(Items listed in a dataset)
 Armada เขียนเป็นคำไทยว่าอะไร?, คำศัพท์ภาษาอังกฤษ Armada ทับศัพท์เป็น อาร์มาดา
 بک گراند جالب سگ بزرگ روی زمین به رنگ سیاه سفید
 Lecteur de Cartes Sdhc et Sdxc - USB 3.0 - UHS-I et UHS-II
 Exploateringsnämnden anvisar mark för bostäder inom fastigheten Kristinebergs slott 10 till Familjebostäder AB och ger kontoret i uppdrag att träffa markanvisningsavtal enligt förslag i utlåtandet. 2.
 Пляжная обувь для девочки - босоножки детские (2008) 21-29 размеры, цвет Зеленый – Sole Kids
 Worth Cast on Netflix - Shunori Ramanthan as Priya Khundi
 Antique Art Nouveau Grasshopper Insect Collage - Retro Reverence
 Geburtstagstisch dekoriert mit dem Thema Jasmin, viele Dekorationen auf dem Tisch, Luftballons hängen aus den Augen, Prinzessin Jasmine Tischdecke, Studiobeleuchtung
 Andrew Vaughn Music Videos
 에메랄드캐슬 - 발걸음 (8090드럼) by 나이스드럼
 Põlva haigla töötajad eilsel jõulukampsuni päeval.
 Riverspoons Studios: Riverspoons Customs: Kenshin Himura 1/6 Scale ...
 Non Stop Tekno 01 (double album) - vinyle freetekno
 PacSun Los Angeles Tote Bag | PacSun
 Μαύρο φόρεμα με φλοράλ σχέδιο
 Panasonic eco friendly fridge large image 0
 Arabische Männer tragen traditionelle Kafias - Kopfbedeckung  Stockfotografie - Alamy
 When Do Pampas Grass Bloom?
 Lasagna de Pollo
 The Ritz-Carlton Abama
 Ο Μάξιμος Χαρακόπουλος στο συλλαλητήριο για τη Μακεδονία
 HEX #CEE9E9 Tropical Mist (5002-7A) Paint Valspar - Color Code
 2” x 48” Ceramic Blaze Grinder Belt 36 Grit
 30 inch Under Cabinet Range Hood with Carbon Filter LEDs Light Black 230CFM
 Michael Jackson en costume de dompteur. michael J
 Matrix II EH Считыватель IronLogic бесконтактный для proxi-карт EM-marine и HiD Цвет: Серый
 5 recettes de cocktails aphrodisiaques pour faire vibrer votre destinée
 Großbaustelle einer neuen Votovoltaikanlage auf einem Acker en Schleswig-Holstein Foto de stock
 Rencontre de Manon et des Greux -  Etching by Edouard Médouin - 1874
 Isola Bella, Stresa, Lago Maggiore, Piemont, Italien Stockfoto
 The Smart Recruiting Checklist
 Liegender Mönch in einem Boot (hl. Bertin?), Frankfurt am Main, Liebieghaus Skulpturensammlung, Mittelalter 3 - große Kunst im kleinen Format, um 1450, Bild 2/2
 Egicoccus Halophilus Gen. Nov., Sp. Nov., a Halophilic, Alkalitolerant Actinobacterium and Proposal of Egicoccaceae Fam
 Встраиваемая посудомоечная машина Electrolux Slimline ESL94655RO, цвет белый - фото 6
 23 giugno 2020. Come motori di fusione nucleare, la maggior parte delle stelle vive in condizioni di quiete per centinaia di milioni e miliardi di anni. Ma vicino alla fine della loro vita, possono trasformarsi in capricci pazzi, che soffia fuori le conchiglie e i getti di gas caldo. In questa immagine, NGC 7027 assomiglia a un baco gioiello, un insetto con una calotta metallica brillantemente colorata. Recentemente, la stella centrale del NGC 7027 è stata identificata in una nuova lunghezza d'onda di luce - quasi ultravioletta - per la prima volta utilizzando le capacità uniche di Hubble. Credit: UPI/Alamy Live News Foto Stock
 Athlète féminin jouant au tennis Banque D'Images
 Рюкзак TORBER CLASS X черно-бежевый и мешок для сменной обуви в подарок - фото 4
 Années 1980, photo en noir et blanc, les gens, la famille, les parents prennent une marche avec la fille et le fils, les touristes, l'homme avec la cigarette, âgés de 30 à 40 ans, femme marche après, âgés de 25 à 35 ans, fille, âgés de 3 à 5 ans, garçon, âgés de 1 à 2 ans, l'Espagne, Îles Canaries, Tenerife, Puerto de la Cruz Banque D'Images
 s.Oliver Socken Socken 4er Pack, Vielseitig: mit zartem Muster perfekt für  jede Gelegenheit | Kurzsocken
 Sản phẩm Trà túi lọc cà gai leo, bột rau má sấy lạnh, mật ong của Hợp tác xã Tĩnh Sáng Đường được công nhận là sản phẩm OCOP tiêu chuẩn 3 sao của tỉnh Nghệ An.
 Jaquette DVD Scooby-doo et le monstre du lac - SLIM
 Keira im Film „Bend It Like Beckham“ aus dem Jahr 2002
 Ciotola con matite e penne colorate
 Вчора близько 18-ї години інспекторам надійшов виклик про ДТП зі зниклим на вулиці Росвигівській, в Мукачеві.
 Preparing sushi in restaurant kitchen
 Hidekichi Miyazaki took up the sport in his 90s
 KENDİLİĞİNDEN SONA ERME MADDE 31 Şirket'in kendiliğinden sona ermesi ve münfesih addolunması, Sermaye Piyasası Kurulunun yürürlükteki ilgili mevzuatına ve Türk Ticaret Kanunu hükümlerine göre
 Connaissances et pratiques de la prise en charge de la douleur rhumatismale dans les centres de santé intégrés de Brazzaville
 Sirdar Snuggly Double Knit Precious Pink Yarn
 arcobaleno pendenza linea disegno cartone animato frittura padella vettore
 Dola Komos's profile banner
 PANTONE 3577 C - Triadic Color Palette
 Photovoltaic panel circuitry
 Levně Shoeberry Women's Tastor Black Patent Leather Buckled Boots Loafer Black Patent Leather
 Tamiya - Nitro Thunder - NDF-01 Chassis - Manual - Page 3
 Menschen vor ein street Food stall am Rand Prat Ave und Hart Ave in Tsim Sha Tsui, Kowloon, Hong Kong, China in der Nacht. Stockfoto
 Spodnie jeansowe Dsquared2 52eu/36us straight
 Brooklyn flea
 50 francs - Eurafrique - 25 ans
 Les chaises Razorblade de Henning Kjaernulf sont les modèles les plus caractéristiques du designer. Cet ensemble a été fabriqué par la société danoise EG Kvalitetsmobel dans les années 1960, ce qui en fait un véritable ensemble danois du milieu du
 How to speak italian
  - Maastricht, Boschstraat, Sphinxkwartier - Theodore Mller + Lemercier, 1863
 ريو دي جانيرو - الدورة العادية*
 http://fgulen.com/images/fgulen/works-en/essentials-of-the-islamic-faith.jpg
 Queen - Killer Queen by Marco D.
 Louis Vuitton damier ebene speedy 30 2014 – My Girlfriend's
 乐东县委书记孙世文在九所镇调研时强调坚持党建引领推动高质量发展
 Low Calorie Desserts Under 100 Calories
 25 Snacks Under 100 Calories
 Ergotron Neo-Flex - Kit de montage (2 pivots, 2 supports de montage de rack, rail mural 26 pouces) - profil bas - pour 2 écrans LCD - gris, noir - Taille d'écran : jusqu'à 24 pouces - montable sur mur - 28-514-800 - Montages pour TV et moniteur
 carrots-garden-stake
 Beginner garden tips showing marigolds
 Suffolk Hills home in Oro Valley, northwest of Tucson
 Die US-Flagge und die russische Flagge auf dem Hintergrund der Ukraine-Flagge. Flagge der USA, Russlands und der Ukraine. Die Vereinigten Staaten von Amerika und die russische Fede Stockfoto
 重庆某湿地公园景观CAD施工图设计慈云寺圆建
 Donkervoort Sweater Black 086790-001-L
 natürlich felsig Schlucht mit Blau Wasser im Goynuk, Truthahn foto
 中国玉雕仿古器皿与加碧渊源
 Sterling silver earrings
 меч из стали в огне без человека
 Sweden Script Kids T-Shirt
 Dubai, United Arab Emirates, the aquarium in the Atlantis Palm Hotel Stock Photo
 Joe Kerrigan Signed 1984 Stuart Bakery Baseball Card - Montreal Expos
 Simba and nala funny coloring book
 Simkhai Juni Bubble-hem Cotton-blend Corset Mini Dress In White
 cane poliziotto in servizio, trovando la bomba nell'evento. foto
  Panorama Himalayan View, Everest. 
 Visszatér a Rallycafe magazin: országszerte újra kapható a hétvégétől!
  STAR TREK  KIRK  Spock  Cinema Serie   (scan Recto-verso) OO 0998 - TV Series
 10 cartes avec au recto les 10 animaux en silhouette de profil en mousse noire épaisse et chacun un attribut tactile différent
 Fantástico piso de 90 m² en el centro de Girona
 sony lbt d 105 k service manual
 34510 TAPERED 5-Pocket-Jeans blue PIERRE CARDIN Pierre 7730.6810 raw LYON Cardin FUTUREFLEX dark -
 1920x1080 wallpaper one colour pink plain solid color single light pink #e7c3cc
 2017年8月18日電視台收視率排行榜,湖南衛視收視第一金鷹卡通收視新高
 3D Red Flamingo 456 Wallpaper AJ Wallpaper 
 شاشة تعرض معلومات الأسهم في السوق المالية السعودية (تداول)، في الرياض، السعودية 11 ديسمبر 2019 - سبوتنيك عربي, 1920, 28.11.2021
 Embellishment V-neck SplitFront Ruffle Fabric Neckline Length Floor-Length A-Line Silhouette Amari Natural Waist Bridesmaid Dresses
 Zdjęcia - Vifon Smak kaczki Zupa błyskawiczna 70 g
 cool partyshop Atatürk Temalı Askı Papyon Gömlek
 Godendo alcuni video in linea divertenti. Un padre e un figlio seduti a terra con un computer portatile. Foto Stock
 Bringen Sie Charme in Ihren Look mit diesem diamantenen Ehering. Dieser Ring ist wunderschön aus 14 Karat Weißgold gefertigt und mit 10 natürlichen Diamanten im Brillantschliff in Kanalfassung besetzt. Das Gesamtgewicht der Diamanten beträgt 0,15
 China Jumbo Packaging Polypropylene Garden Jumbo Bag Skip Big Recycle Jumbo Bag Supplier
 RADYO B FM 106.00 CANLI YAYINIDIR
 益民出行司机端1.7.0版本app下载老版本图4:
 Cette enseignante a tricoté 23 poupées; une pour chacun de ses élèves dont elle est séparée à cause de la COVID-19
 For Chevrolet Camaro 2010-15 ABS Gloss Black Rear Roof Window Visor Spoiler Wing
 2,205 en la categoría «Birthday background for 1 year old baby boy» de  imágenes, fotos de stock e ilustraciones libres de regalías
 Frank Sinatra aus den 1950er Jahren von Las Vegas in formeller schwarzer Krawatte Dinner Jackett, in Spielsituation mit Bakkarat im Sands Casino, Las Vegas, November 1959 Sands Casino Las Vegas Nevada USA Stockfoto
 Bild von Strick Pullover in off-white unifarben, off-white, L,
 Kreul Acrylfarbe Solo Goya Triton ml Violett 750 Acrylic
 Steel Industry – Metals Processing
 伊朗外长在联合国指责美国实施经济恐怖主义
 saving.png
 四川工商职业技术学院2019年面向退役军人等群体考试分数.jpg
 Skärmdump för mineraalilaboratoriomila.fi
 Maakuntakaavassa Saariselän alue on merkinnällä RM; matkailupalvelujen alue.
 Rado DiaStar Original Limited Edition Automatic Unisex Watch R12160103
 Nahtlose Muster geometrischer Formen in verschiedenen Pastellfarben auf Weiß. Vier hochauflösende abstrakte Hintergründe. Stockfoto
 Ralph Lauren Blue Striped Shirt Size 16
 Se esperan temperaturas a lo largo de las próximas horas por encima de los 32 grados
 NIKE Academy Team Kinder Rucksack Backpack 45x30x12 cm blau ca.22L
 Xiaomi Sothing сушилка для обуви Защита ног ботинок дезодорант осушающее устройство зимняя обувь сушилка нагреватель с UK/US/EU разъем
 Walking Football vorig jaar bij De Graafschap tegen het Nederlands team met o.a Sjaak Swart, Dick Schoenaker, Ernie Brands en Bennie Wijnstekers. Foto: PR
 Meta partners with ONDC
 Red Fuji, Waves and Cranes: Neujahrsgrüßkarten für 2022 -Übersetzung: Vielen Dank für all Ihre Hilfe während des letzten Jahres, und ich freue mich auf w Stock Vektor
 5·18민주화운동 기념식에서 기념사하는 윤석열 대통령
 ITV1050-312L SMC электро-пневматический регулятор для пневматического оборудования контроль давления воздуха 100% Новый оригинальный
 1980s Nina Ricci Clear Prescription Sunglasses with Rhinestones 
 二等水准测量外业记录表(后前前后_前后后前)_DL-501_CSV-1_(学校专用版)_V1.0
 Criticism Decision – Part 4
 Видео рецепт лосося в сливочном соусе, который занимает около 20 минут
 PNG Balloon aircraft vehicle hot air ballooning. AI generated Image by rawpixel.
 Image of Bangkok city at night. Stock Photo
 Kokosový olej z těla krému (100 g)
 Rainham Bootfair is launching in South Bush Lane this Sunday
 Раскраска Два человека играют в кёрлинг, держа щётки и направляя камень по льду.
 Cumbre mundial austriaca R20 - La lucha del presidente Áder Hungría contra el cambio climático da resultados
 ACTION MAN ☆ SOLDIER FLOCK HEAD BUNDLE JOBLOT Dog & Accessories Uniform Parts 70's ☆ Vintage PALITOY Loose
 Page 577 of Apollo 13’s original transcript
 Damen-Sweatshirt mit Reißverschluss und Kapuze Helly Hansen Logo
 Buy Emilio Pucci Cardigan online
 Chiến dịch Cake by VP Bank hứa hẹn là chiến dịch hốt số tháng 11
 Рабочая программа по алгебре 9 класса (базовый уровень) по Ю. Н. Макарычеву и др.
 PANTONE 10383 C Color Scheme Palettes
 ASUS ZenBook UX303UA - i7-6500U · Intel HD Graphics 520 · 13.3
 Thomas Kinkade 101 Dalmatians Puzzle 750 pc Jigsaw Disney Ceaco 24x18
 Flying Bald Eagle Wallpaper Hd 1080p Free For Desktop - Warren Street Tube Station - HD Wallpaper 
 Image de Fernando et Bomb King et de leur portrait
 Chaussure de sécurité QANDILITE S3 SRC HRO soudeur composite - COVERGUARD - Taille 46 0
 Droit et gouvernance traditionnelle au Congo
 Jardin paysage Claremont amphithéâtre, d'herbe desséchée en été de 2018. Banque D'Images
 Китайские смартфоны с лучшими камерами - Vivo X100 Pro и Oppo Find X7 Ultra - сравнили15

▶ **Exercise directions**
Given the records above, reproduce precisely and only the lines between the line holding "Bild von Strick" and the line holding "Skärmdump för mineraalilaboratoriomila.fi", inclusive.

▶ **Response to this task**
 Bild von Strick Pullover in off-white unifarben, off-white, L,
 Kreul Acrylfarbe Solo Goya Triton ml Violett 750 Acrylic
 Steel Industry – Metals Processing
 伊朗外长在联合国指责美国实施经济恐怖主义
 saving.png
 四川工商职业技术学院2019年面向退役军人等群体考试分数.jpg
 Skärmdump för mineraalilaboratoriomila.fi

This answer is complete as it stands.